Essa é parte da razão pela qual as recentes inundações na Índia e na China foram tão devastadoras, envolvendo ciclos de monções em vez de comportamento de fluxo de jato.
Brasil não aprende com exemplos
O mais lamentável em todas estas informações é que em muitas partes do globo elas não são aproveitadas. Não servem de alertas, especialmente nos países mais pobres ou em desenvolvimento, como o Brasil, que já conta com problemas graves, tendo uma das piores distribuições de renda.
E são, em princípio, os mais pobres os primeiros a pagarem a conta, afinal são eles que moram em barracos em encostas de morros, entre outros locais de risco. Até em prosa e verso cantamos esta ladainha, mas nem com barracão de zinco/pendurado no morro/tradição de meu país nossos gestores políticos acordam.
É muito triste perceber o fosso em que nos encontramos. E prepare-se: ao longo do segundo semestre o fogo vai arder violentamente na Amazônia, Pantanal, e Cerrado, piorando ainda mais a imagem de Pindorama, e ameaçando o que temos de melhor e mais raro, a biodiversidade.
Em outras palavras, são as consequências do desgoverno que estamos vivendo. Antes os problemas fossem apenas na área ambiental.

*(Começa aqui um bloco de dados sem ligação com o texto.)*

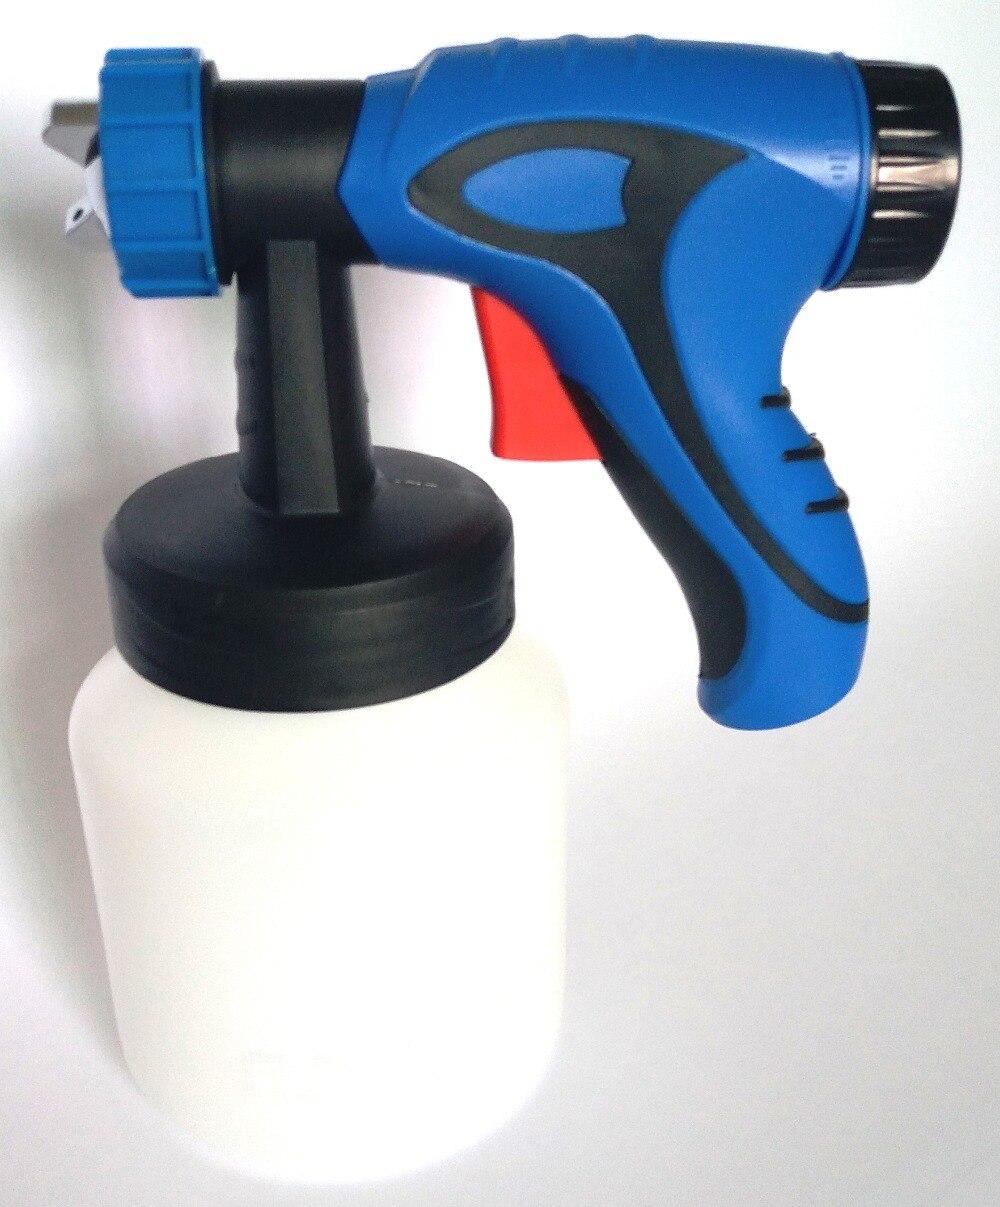 650 watt airbrush mit kompressor airless farbe sprayer hvlp lvlp

Imagem de abertura: Tom Rightwood
Fonte: https://www.ft.com/content/9a647a51-ede8-480e-ba78-cbf14ad878b7; https://www.bbc.com/portuguese/geral-57979006?at_custom1=%5Bpost+type%5D&at_custom3=BBC+Brasil&at_custom2=facebook_page&at_medium=custom7&at_custom4=C2D6C566-EE63-11EB-943B-C6FD15F31EAE&at_campaign=64&fbclid=IwAR14pnRJCDr5I27QhmRoQv3x-2N5yqULMnF4mP7kx41n7iM1S50U2KDc3Fo; https://www.theguardian.com/business/2021/jul/21/2021s-extreme-weather-leads-to-insurers-biggest-payout-in-10-years.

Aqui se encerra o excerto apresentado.